Each shard is represented by a set of replicas (by construction - ), so we do not divide into roles “shard” and “cue”.
Each replica stores the following data:
conf is the id of the configuration to which this replica belongs.
orderer - which replica is the orderer of this configuration.
mode - replica mode, one of the three: (all replicas from non- ), (all replicas from ), .
history - the sequence of operations on the actual replica data (or just state).
stable - the maximum length of the history prefix that is fixed by this replica. It's obvious that .
The main task of the replica orderer is to send requests to the rest of the replicas and support the largest history prefix:
8.2 Organization of shards
Shards are combined into rings called elastic bands . Each shard belongs to only one ring. Predecessor of every shard performs a special role - it is a sequencer for it. The task of the sequencer is to issue its successor a new configuration in case of replica failures.
Two conditions are required:
Each elastic band has at least one shard and one working replica.

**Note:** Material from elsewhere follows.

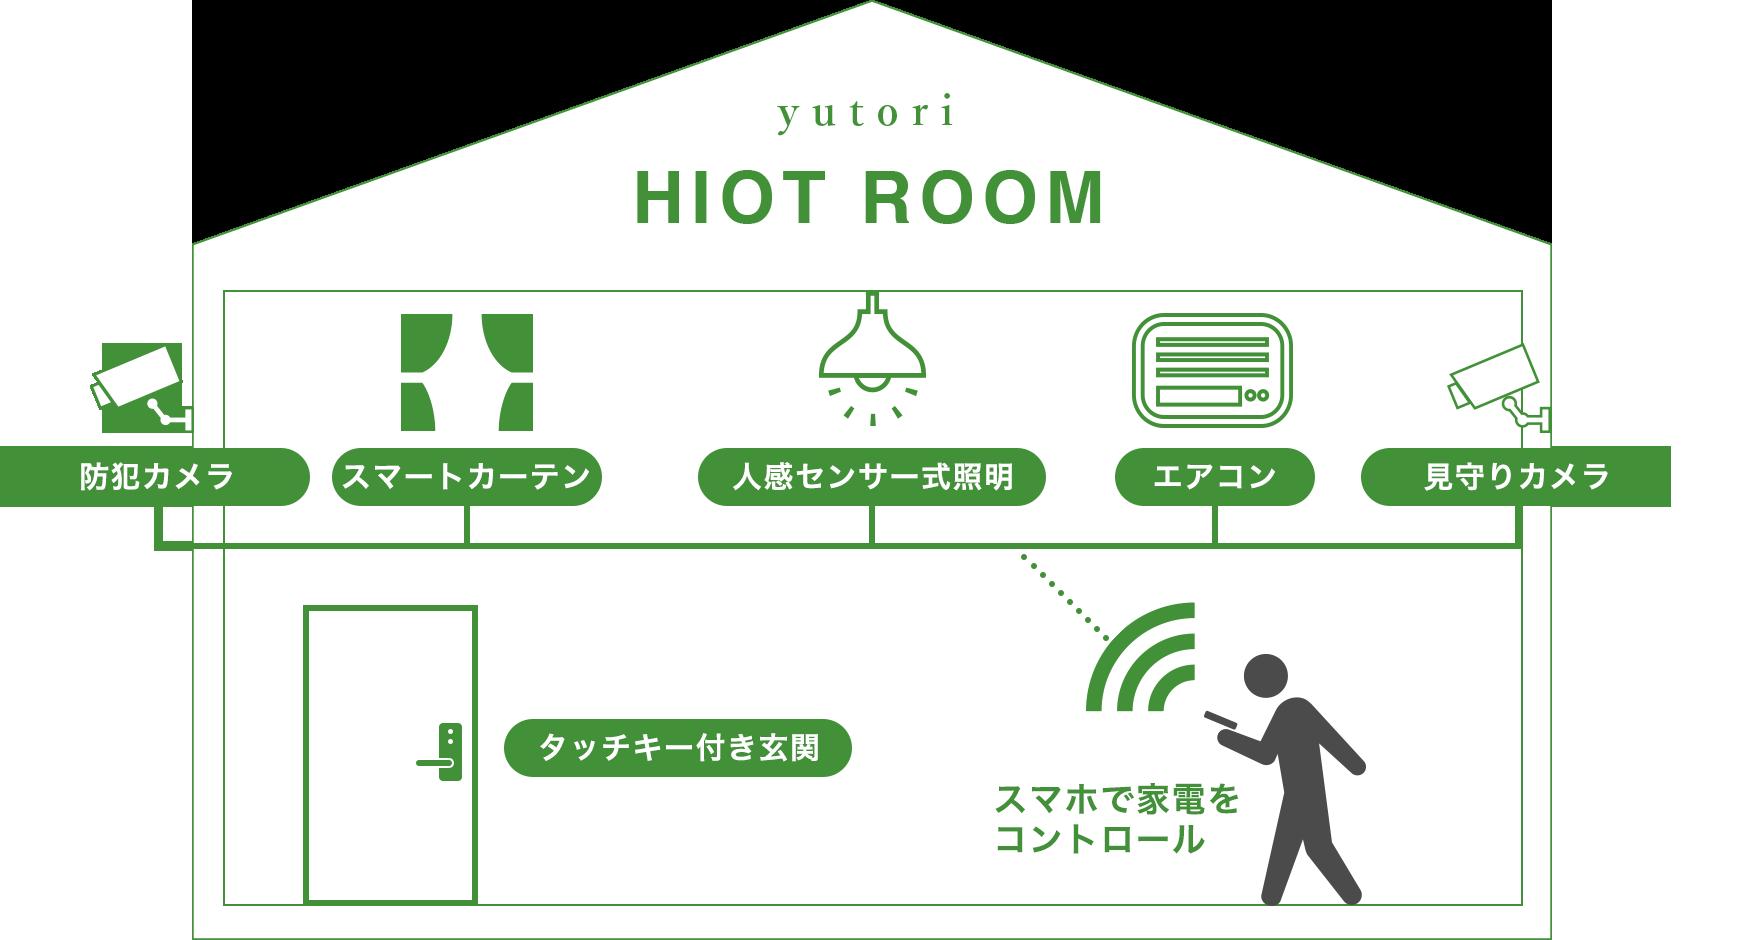 HIOT ROOM

In each elastic band there is at least one shard, which has all the replicas - workers.
The second condition seems too strict, but it is equivalent to the “traditional” condition that the master process never falls.
8.3 Using Chain replication
As you might have guessed, the replicas are organized as a chain (basic approach) - the orderer will be the head, with some differences:
In case of failure in the CR node is thrown out of the chain (and replaced with a new one), in the ER a new chain is created.
Read requests in CR are processed by tail, in ER - they go through the whole chain in the same way as write requests.
8.5 Reconfiguration in case of failure
Replicas are monitored as replicas of their shard, and replicas of sequencer shard.
As soon as a failure is detected, a command is sent by the remarks about it.
Sequencer sends new configuration (without failed replica).
A new replica is created, which synchronizes its state with the elastic band.
After that, sequencer sends a new configuration with the added replica.